Process 3/4 cup flour, salt, and sugar together in food processor until combined. Add butter and shortening and process until dough just starts to collect in uneven clumps, about 10 seconds. Scrape down sides and bottom of bowl and redistribute dough evenly around processor blade. Add 1/2 cup flour and pulse until mixture is evenly distributed around bowl. Empty mixture into a medium bowl.

Sprinkle vodka and water over mixture. With rubber spatula, use folding motion to mix, pressing down on dough until dough is slightly tacky and sticks together. Flatten dough into a 4-inch disk. Wrap in plastic wrap and refrigerate at least 45 minutes or up to 2 days.
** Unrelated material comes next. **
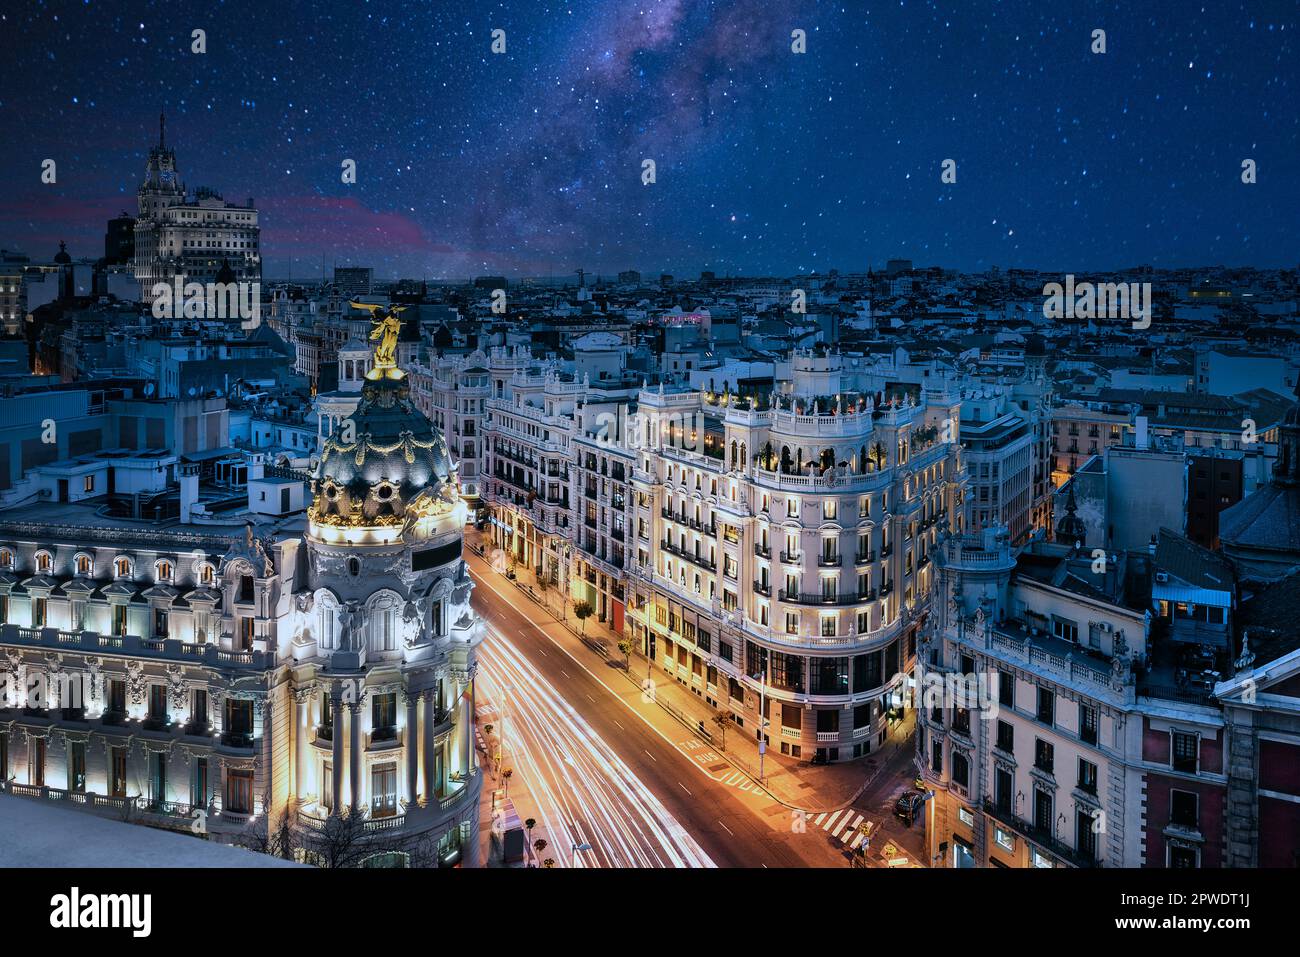 Strahlen der Ampel auf der Gran via Straße, der wichtigsten Einkaufsstraße in Madrid bei Nacht. Spanien, Europa. Stockfoto

Preheat oven to 425 degrees. Remove dough from refrigerator and roll out to a 12-inch circle between two sheets of wax paper. Place dough onto 9-inch pie pan, leaving a 1-inch overhang. Gently press dough into pan and fold overhang under itself, flush with the pie pan edge. Crimp the dough edge to flatten against rim of pie pan. Refrigerate crust until firm, about 15 minutes.
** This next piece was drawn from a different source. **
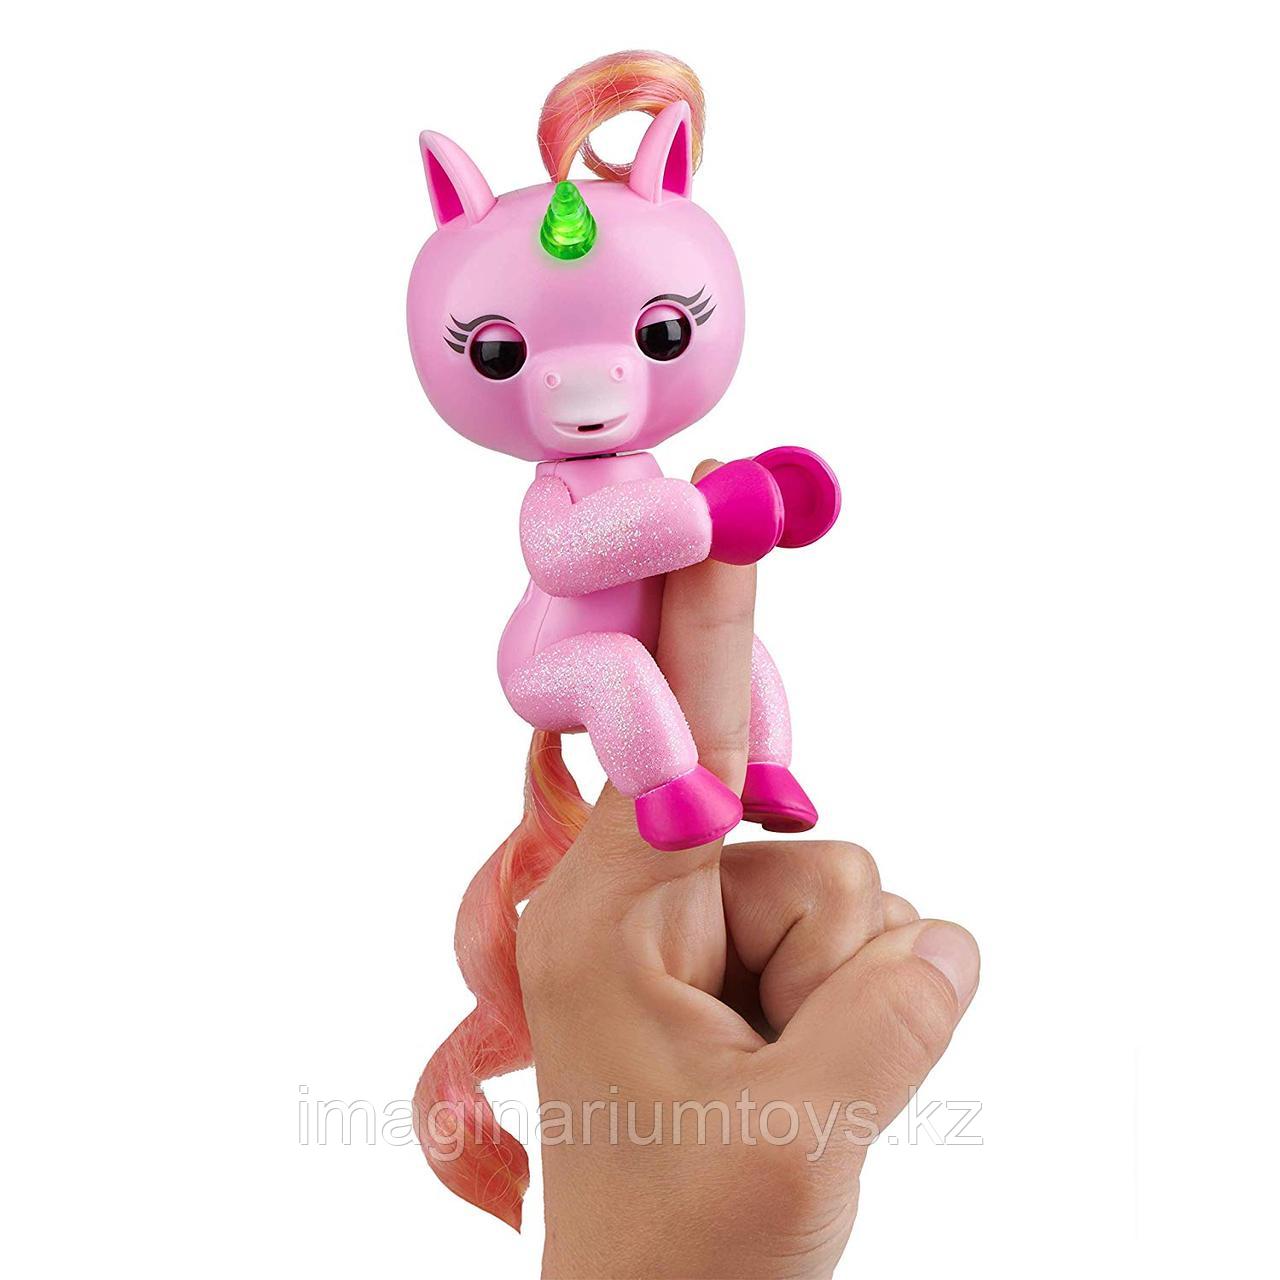 Fingerlings единорог розовый интерактивная игрушка

Remove pie crust from refrigerator, line with foil, and fill with pie weights. Bake for 15 minutes. Remove foil and weights, reduce oven temperature to 375 degrees, prick crust with tines of fork, and bake for 10-15 minutes longer until crust is golden brown and crisp. Cool to room temperature.

Filling:
4 pints (about 3 pounds) fresh strawberries, rinsed, dried and hulled
3/4 cup granulated sugar
2 tablespoons cornstarch
1 1/2 teaspoons Sure-Jell fruit pectin for low sugar recipes
1/8 teaspoon salt
1 tablespoon fresh lemon juice

Topping:
1 cup heavy whipped cream
2 tablespoons powdered sugar
1/2 teaspoon almond extract

Select 1 1/2 cups berries and process in food processor to a smooth puree. You should have about 3/4 cup puree. Whisk sugar, cornstarch, Sure-Jell, and salt in medium saucepan. Stir in berry puree, making sure to scrape corners of pan. Cook over medium-heat, stirring constantly. Bring to a full boil and continuing cooking for 2 more minutes. Transfer to a large bowl and stir in lemon juice. Cool to room temperature.
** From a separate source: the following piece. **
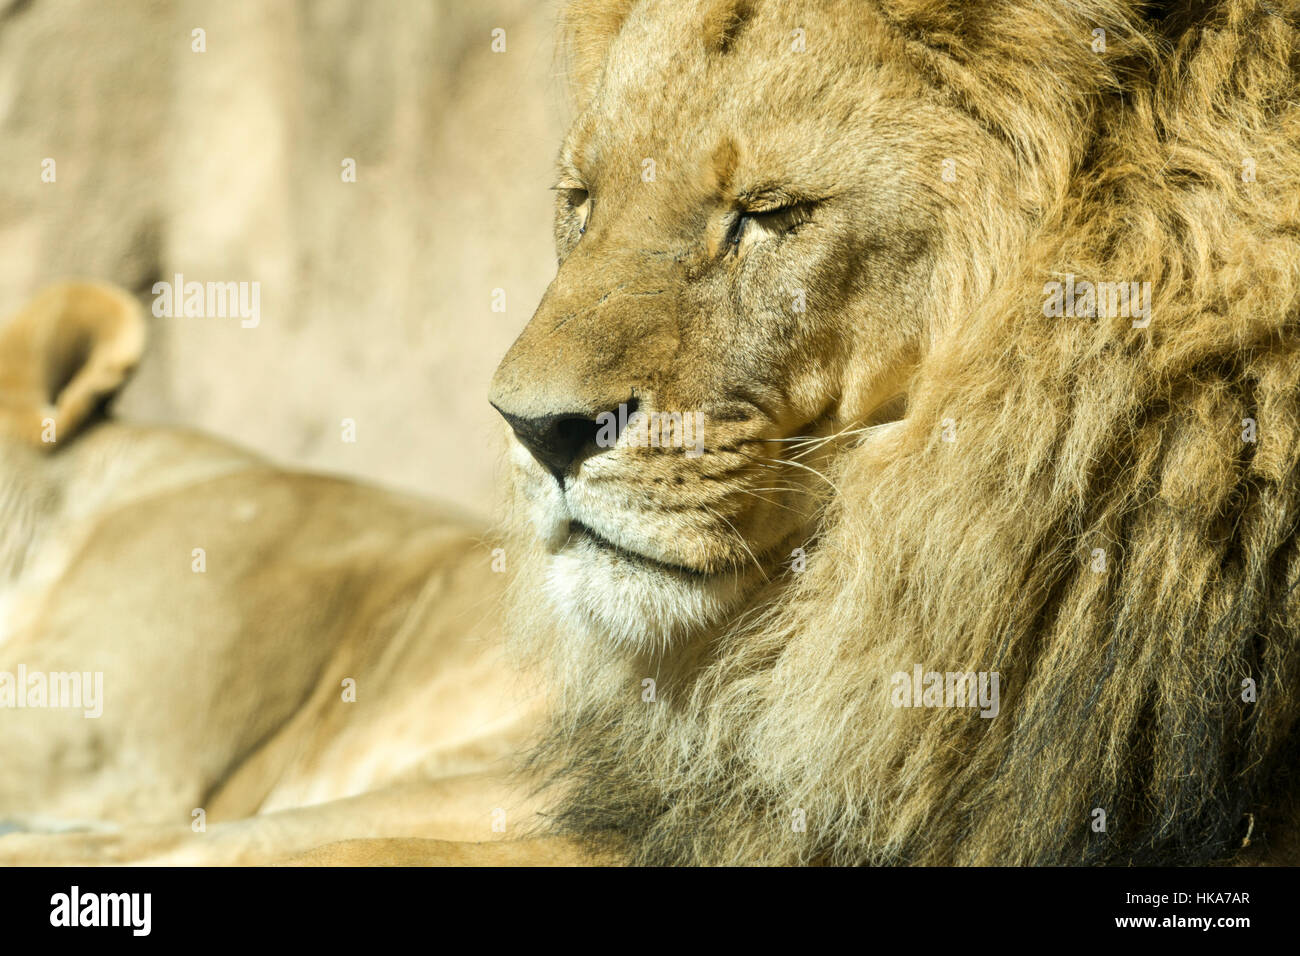 Un portrait de l'homme african lion (Panthera leo), allongé sur le sol Banque D'Images

Meanwhile, add remaining berries to cooled puree mixture. Make sure to halve large berries. Gently fold with rubber spatula until berries are evenly coated. Scoop berries into pie shell. If any cut sides of berries face up, turn them face down. Arrange berries into an even mound. Refrigerate until thoroughly chilled, at least 3 hours.

When ready to serve, whip heavy cream until soft peaks form. Add sugar and almond extract and whip until stiff peaks form. Spread whipped cream on top of pie.